Claims by Boris Johnson’s re-election campaign that crime on buses has fallen 30% “across London” have been questioned by Liberal Democrats at City Hall who claim the the Mayor is using “misleading” figures.
Election ‘newspapers’ distributed by Johnson’s campaign claim figures published by Transport for London “show that the chance of being a victim of crime on the capital’s bus network is now at its lowest level since records began” thanks to a fall of 30% in crime across the bus network.
However LibDem Assembly Member Caroline Pidgeon says official figures actually show an increase in bus crime “in more than one third of London Boroughs” between April 2010 to March 2011.
The row follows an earlier warning by the UK Statistics Authority that the Mayor’s use of crime statistics “was damaging to public trust in the statistics produced by Transport for London.”
In a letter to the Mayor, Authority Chair Sir Michael Scholar said Johnson had used TfL’s figures “as part of a media event to publicise the success of your policies, some time ahead of their normal release date”.
Sir Michael also indicated he would ask Ministers to to reclassify TfL’s statistics as official statistics to ensure that they are “treated with the same care and propriety as is now required by law for the most significant official statistics.”
The rebuke led to calls from opposition parties on the London Assembly for the Mayor to voluntarily abide by the Authority’s Code of Conduct.
Comenting on the Mayor’s election claims, Pidgeon said: “just three months ago the chairman of the UK Statistics Authority warned Boris Johnson that the way he was using the bus crime data could ‘be damaging to public trust in the statistics’.
“Sadly the Mayor has totally ignored this warning and is up to his old tricks of using misleading figures.
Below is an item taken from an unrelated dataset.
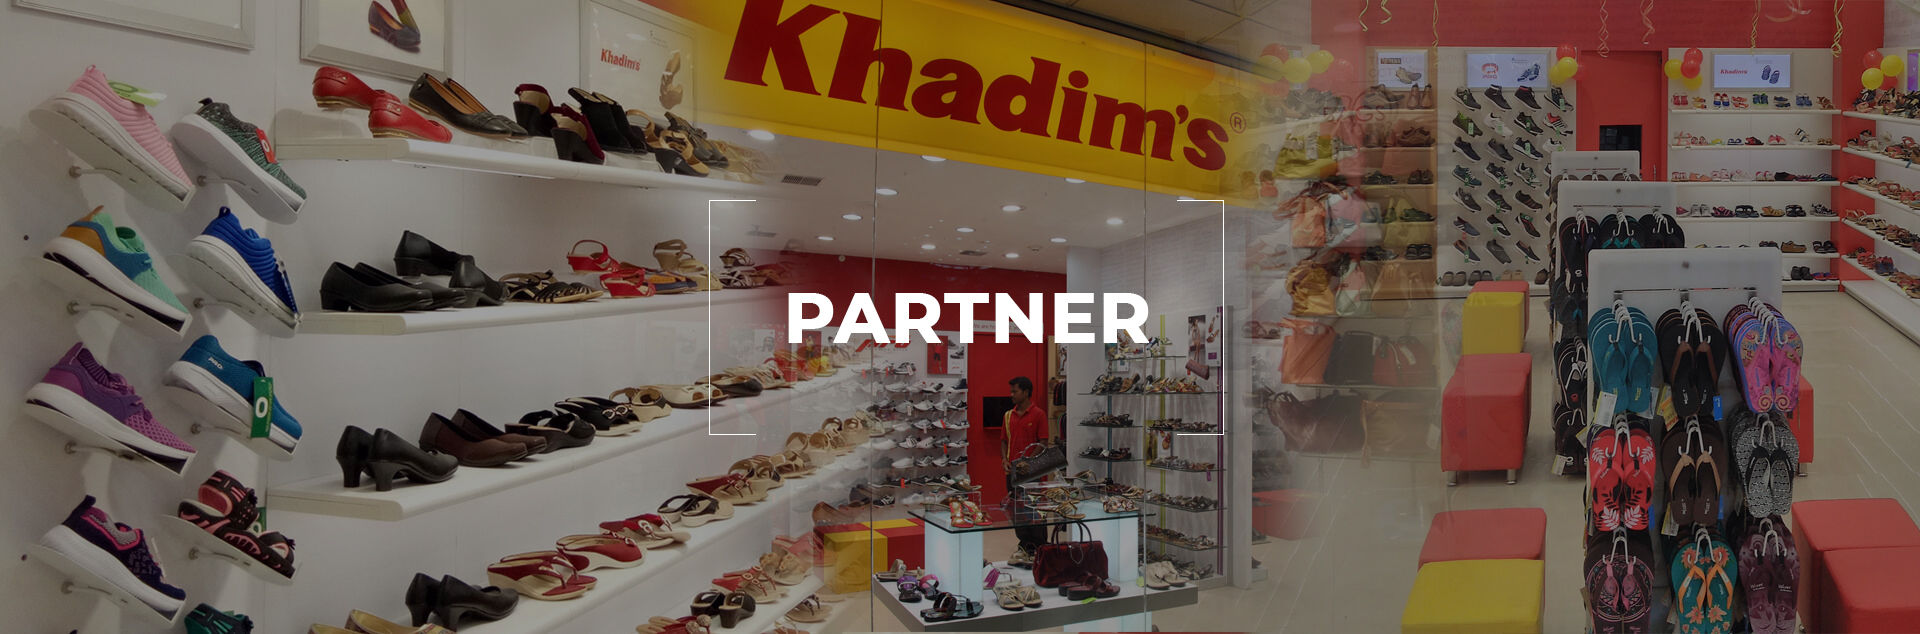 khadims shoe shop

It is simply wrong to suggest that bus crime is falling across the whole of London, when in fact in more than one third of boroughs it is increasing – and in some boroughs significantly.”
“Even where there has been some fall in the figures there should be no grounds for complacency about the level of crime on London’s buses. Bus crime is a problem everywhere, and in far too many places it is a growing problem.”